### WORK INSTRUCTIONS
Only the lines from the one containing "Golf Course Image" through the end of the listing belong in the answer, repeated exactly, with no pictures.

### COLLECTED MATERIAL
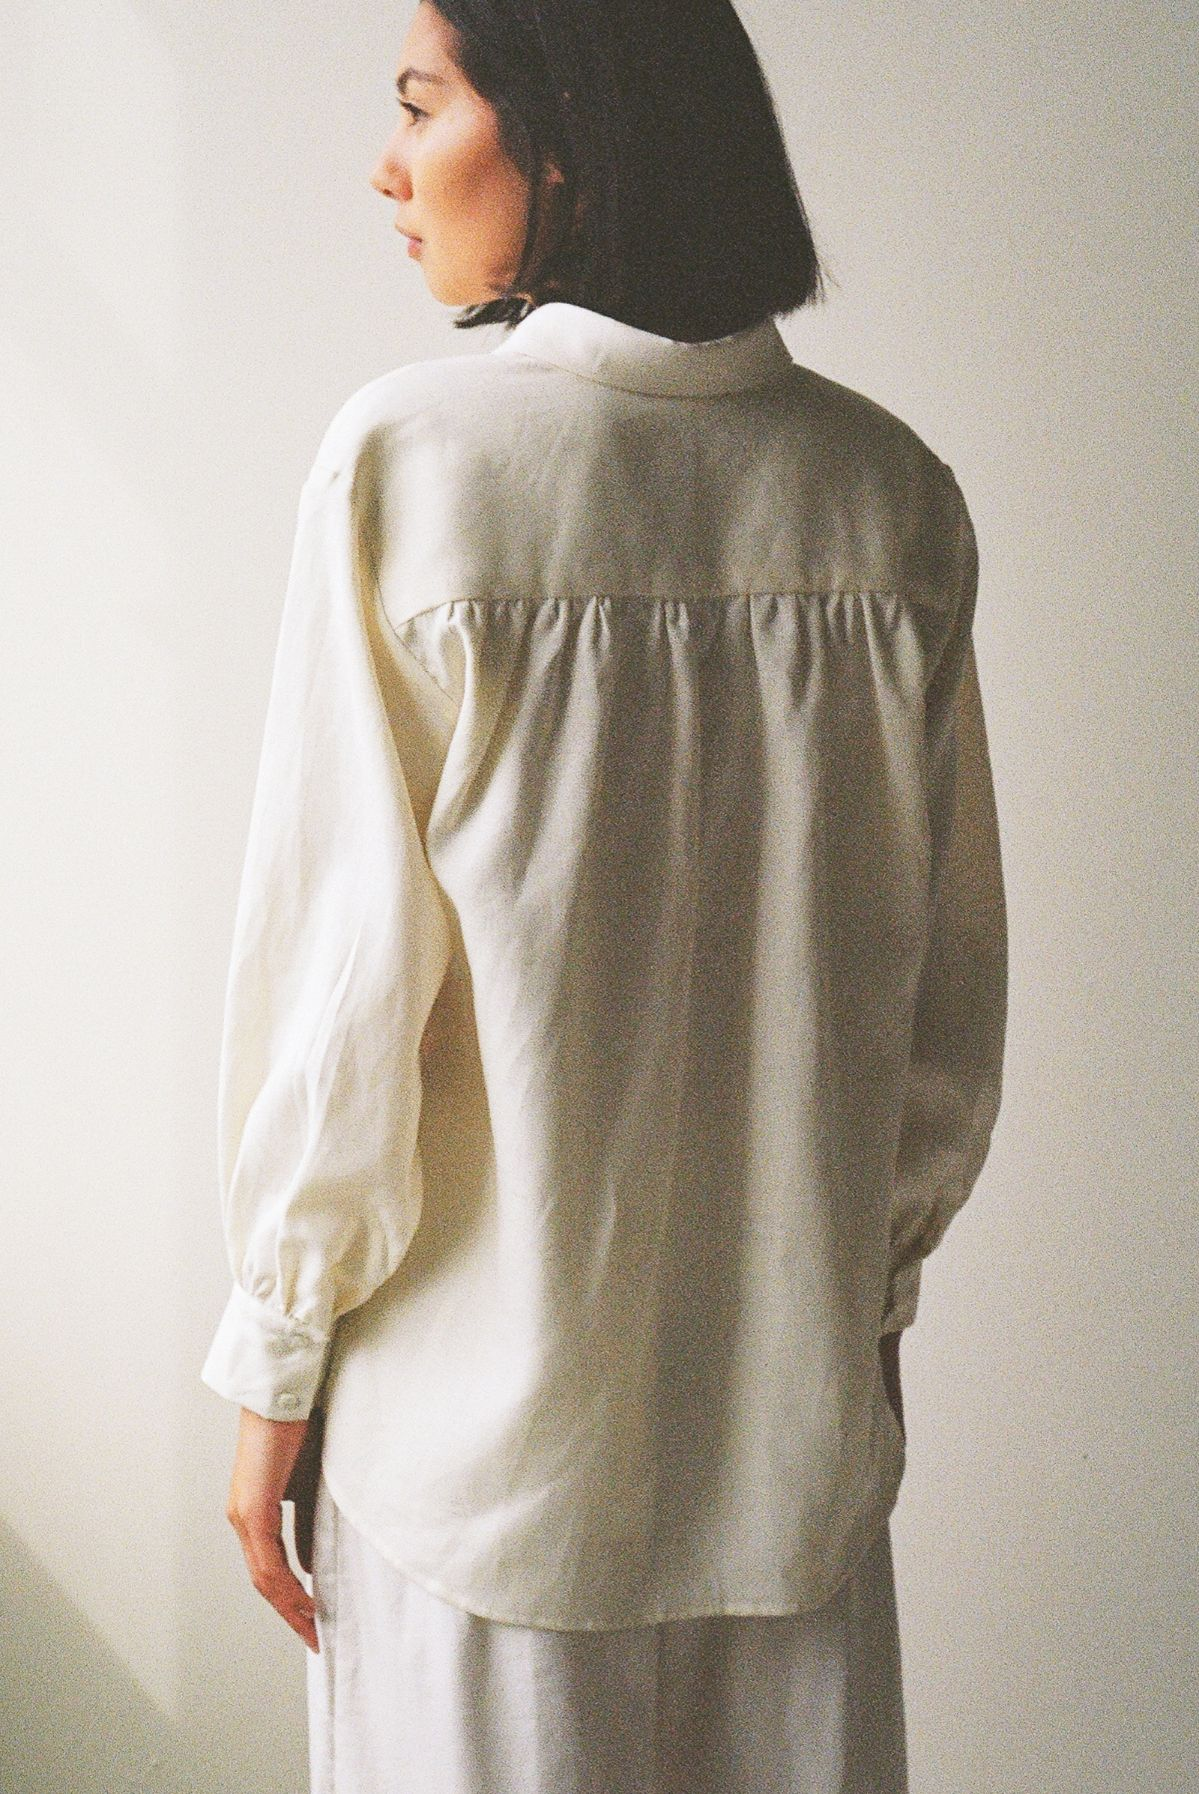 Mes shirt Ivory - Ellis Label - Linen - New Zealand clothing_0031_83090008
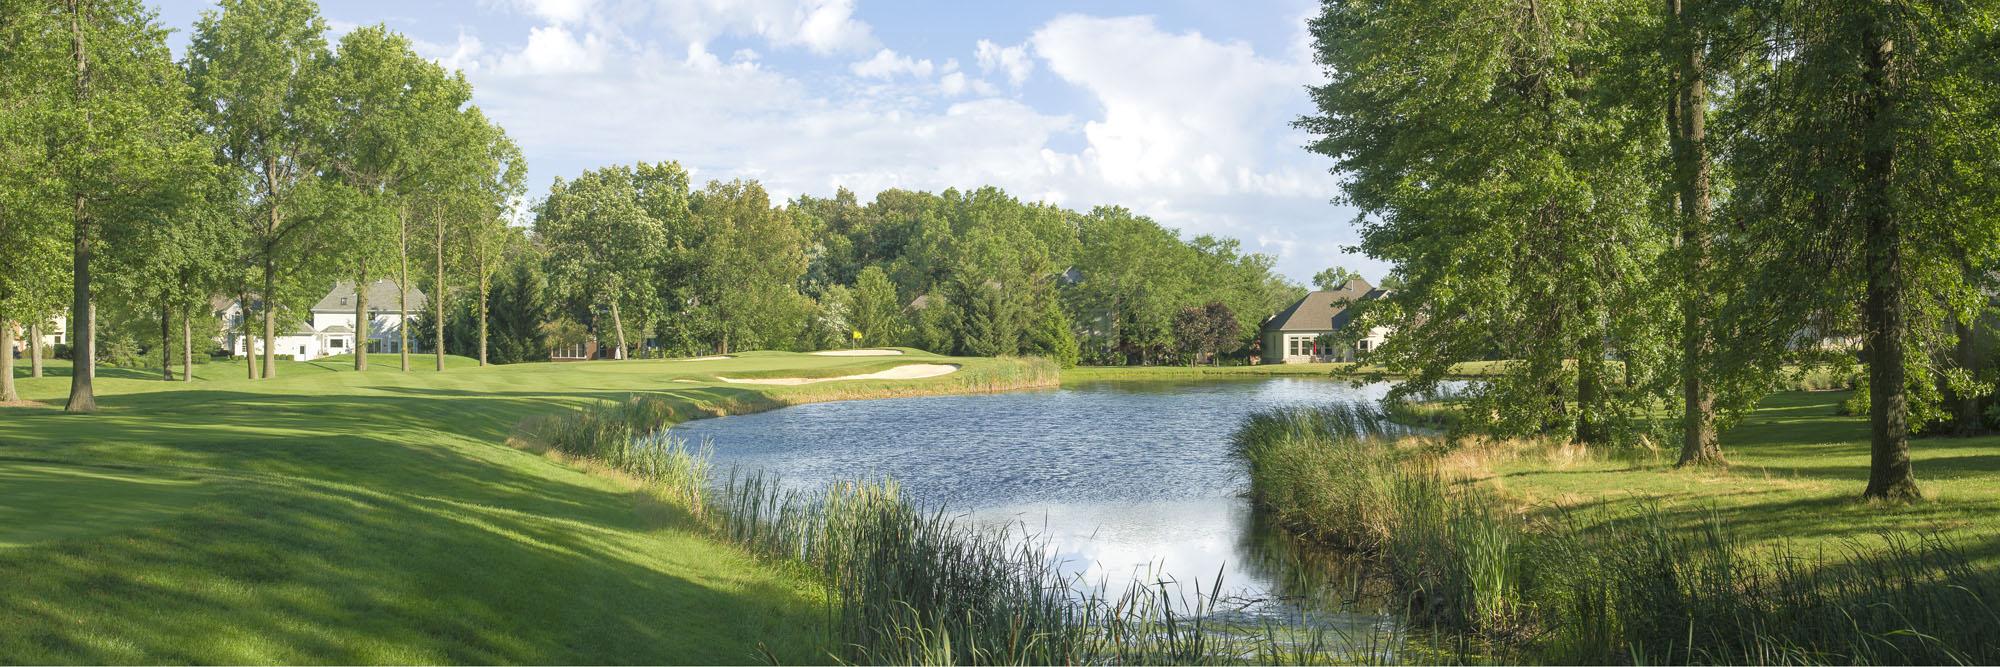 Golf Course Image - Jefferson Country Club No. 17
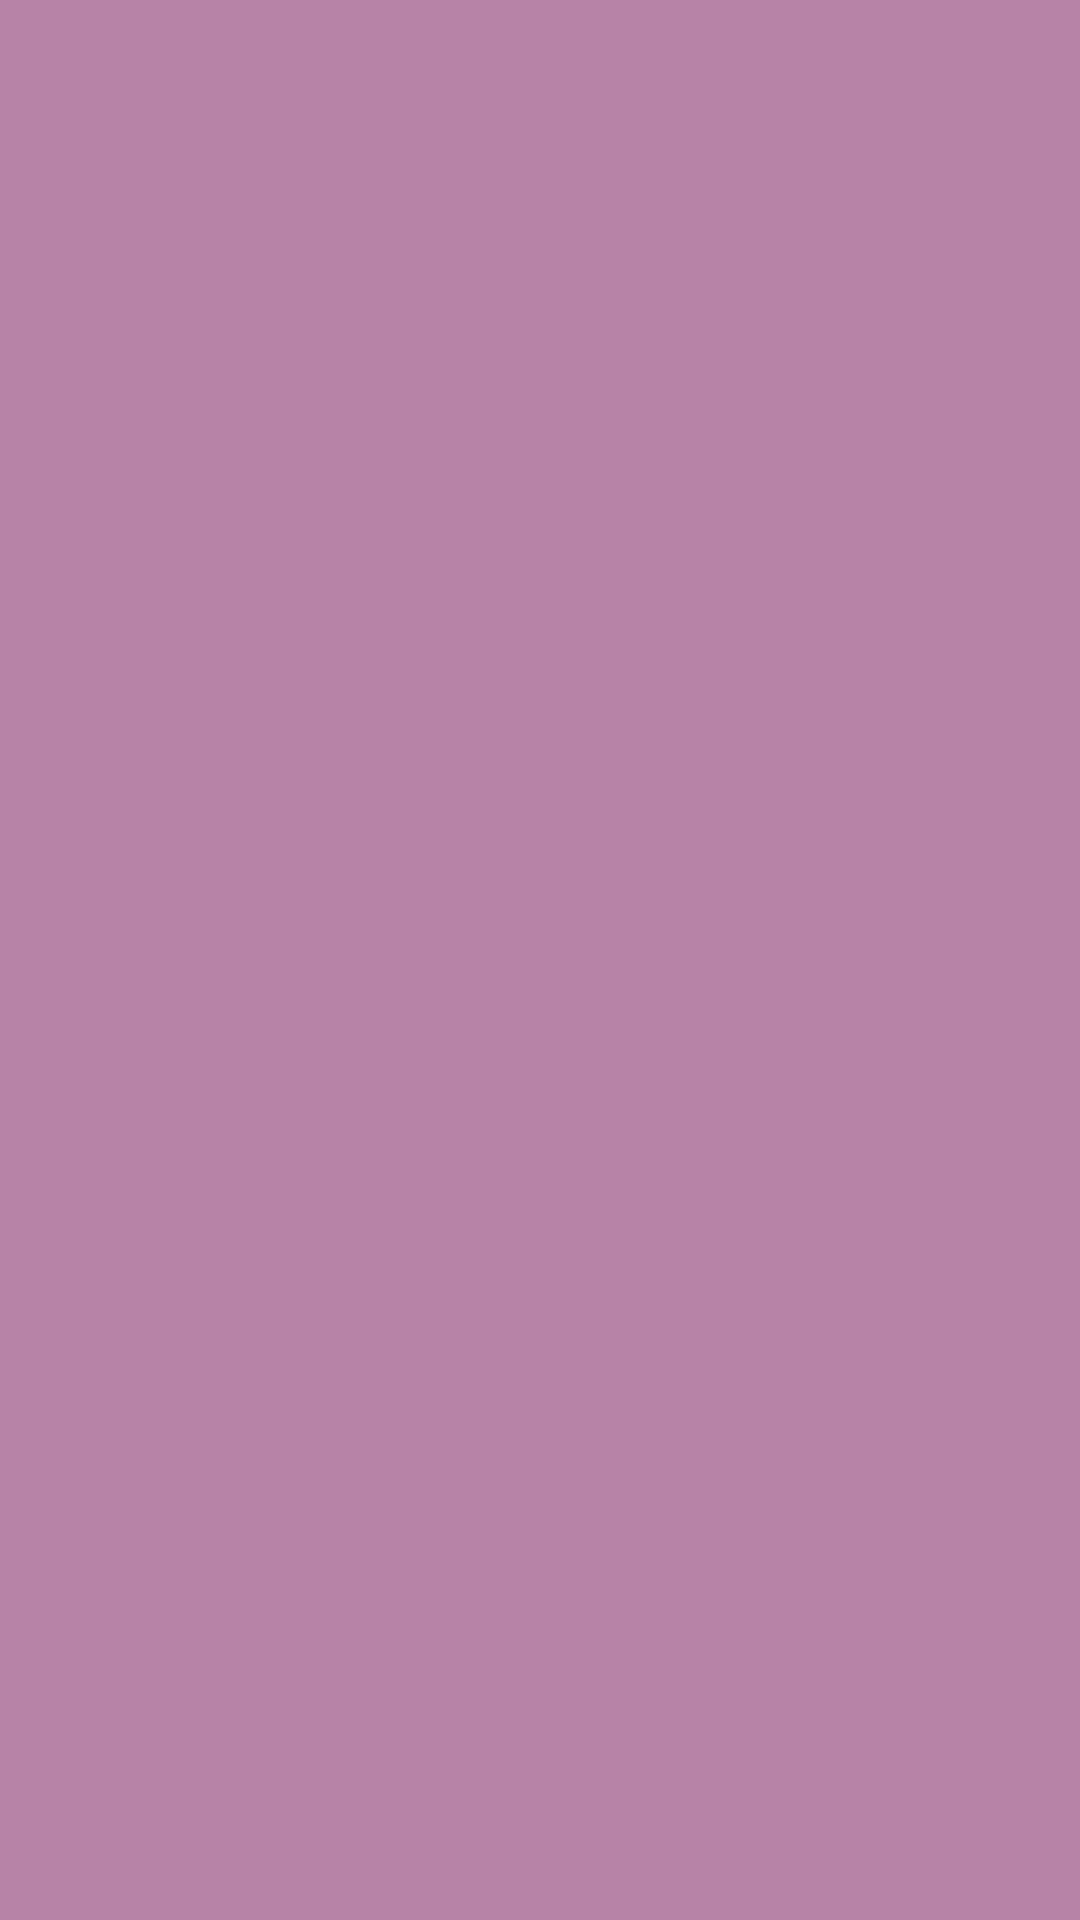 1080x1920 Opera Mauve Solid Color Background

### RESPONSE TO THIS TASK
 Golf Course Image - Jefferson Country Club No. 17
 1080x1920 Opera Mauve Solid Color Background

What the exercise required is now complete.